The long term goals of this research are to understand the molecular basis for oxygen toxicity in eukaryotes. Oxygen radicals such as superoxide anion (O2-) are generated during respiration and through the exposure to environmental oxidants. These reactive species are thought to cause serious damage to biomolecules and have been associated with a large number of human disorders including atherosclerosis, cancer and aging. Our hypothesis is that oxygen toxicity can be mediated through the O2- inactivation of factors critical to cell growth and development. To address this, a genetic approach was developed to identify critical molecular targets and determinants of oxidative damage. These studies will employ mutants of the yeast S. cerevisiae that lack superoxide dismutase (SOD), an O2-scavenging enzyme. Our recent studies have indicated that these mutants are not only hyper-sensitive to the cytotoxic effects of oxygen, but are defective in meiosis and in a limiting step in lysine biosynthesis. Moreover, the aerobic growth defects noted with these mutants can be bypassed through additional mutations in one of two genes that we have identified as BSD1 and BSD2 ('Bypass SOD defect'). The BSD1 gene has recently been isolated. Our current objectives are to understand the role of the BSD factors as determinants of oxygen toxicity and furthermore, to identify the targets of oxidative damage in lysine biosynthesis and meiosis.

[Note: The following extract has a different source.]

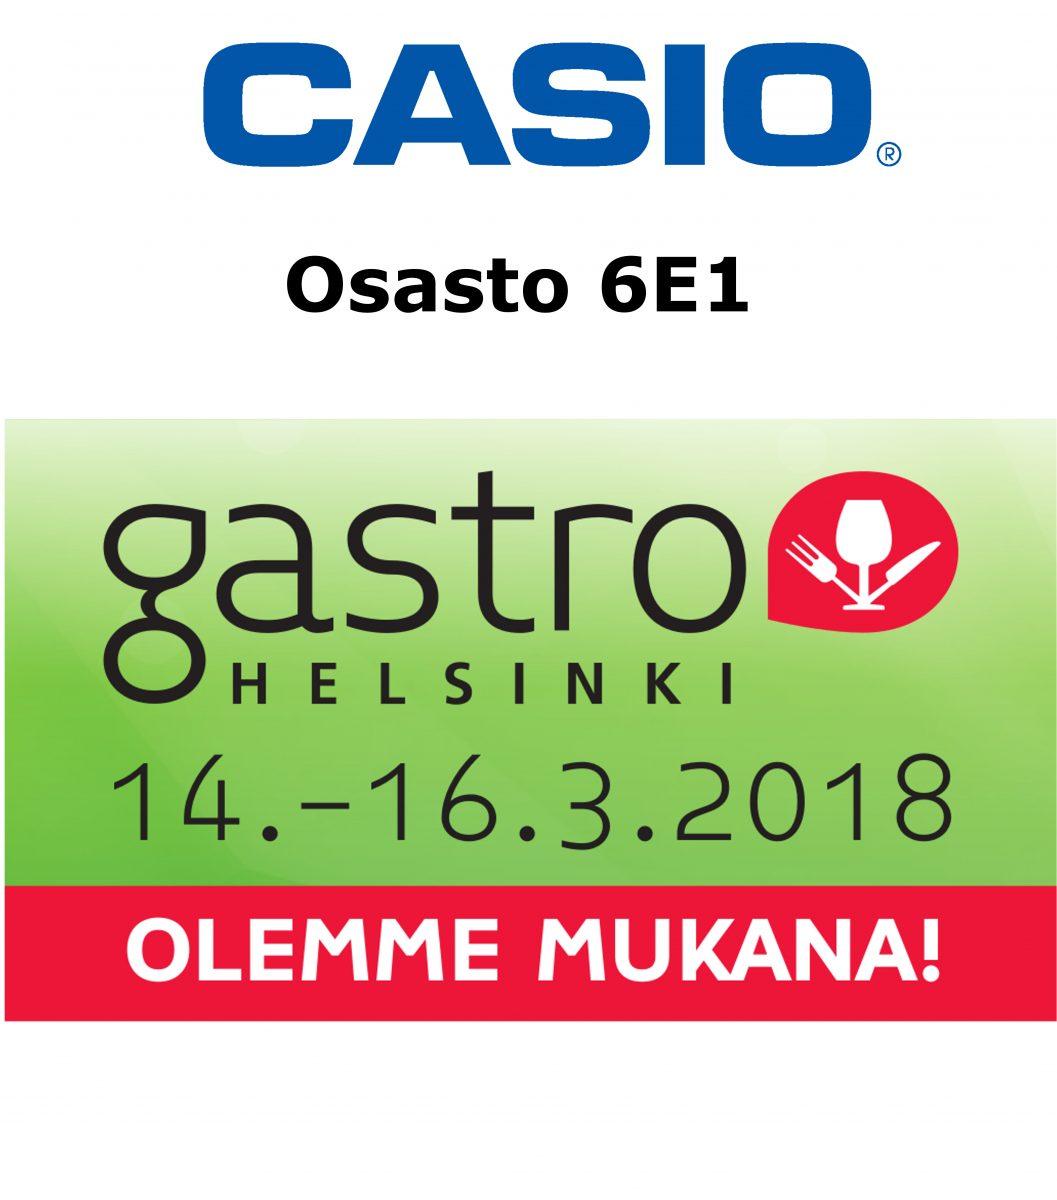 Casio Gastro 2018

The specific aims designed to meet these goals are as follows:
(AIM 1) To clone the BSD2 gene: This gene will be isolated from a yeast genomic library through functional complementation.
(AIM 2) To characterize the BSD1 and BSD2 genes: The BSD genes will be subject to meiotic mapping and the identity of the encoded proteins will be established through gene sequence analyses. The role of the BSD factors in cell growth and viability will be investigated through gene deletion studies in yeast (AIM 3) To understand the biochemical basis for the oxygen-resistance conferred by BSD gene mutations: Tests for measuring oxygen consumption and O2- production will assess whether the bsd mutations affect cellular levels of O2-.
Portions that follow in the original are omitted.